In The Lord of the Rings, Frodo freely offers Galadriel the Ring. But she refuses it and gives the phial to him. I didn't realize it when I first read the book, but in fact Galadriel just saved the world.
In the first paragraph of Hawthorne's "Young Goodman Brown," a newlywed wife pleads with her husband to spend the night with her because she's uneasy about his intention of a night away, in the forest. Brown might genuinely have thought that Faith had nothing to worry about, but even so the loving thing to do would have been to honor her request. Instead he puts her off with an insincere and patronizing remark and sticks to his plan. Everything that happens afterwards is the consequence of that moment. The crisis of the story has already occurred when the first paragraph is ended.
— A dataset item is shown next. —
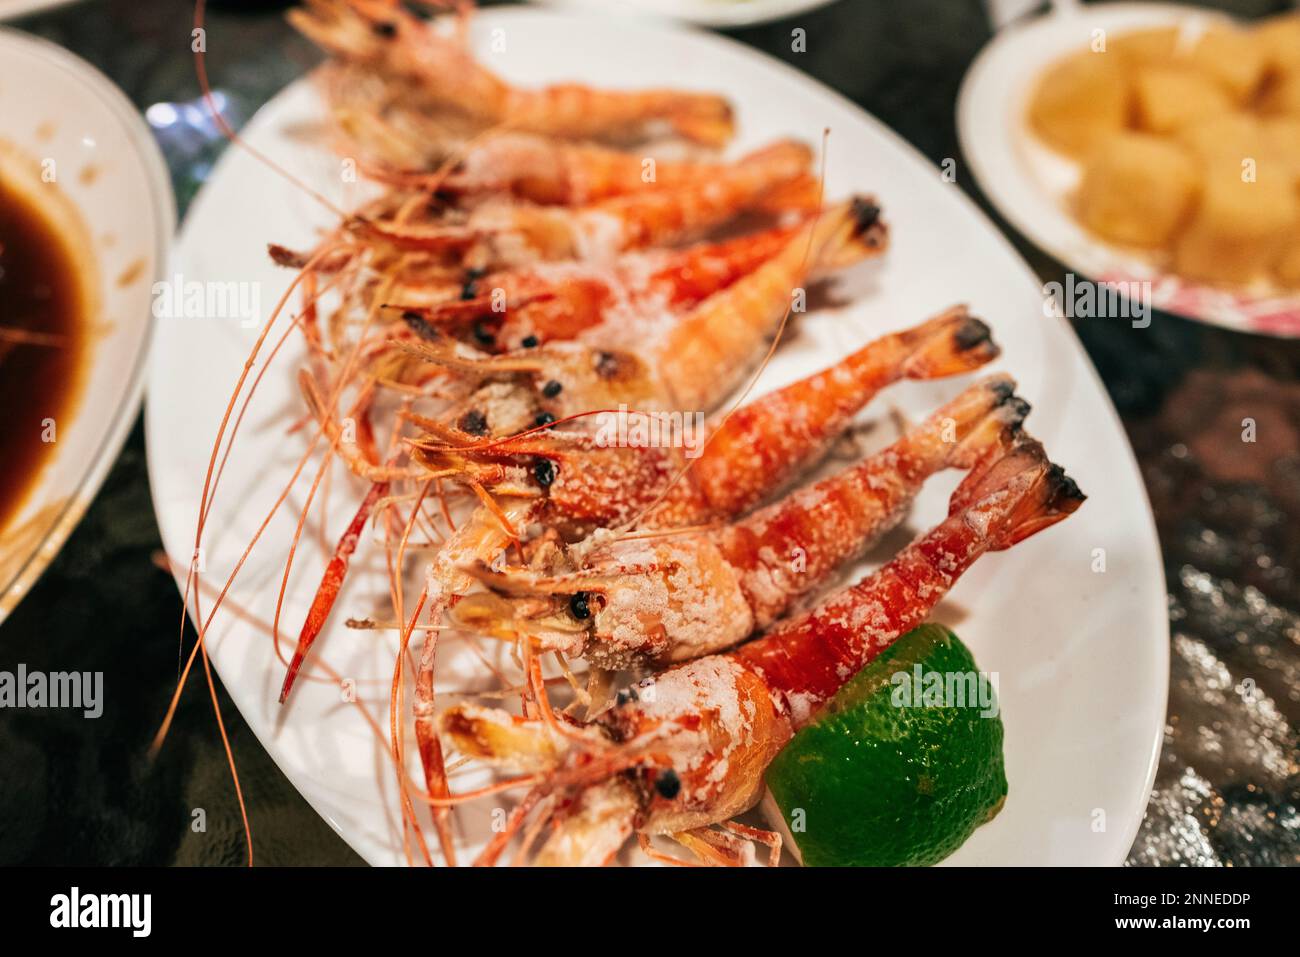 Spicy Taiwanese Pepper Shrimp. It was cooked with Sesame oil. Stock Photo

But you don't realize that when you first read the story. Everything is lost. The moment of truth passed and nobody realized it. I've said before at Chrons on a Hawthorne thread that this is a really disturbing story. We all naturally like to think that, if we were put to some supreme test of love or courage, we'd give it our all and do the right thing. But the moment of truth might come and pass without our perceiving it at the time. Brrrrr.
I don't think that she saved the world (or Middle-earth) she just sent it along a different path. Who knows, if Galadriel had taken the Ring for herself, the elves may have stayed in the West along with Gandalf and his kind, and humans may not have ended up being the dominant race of people.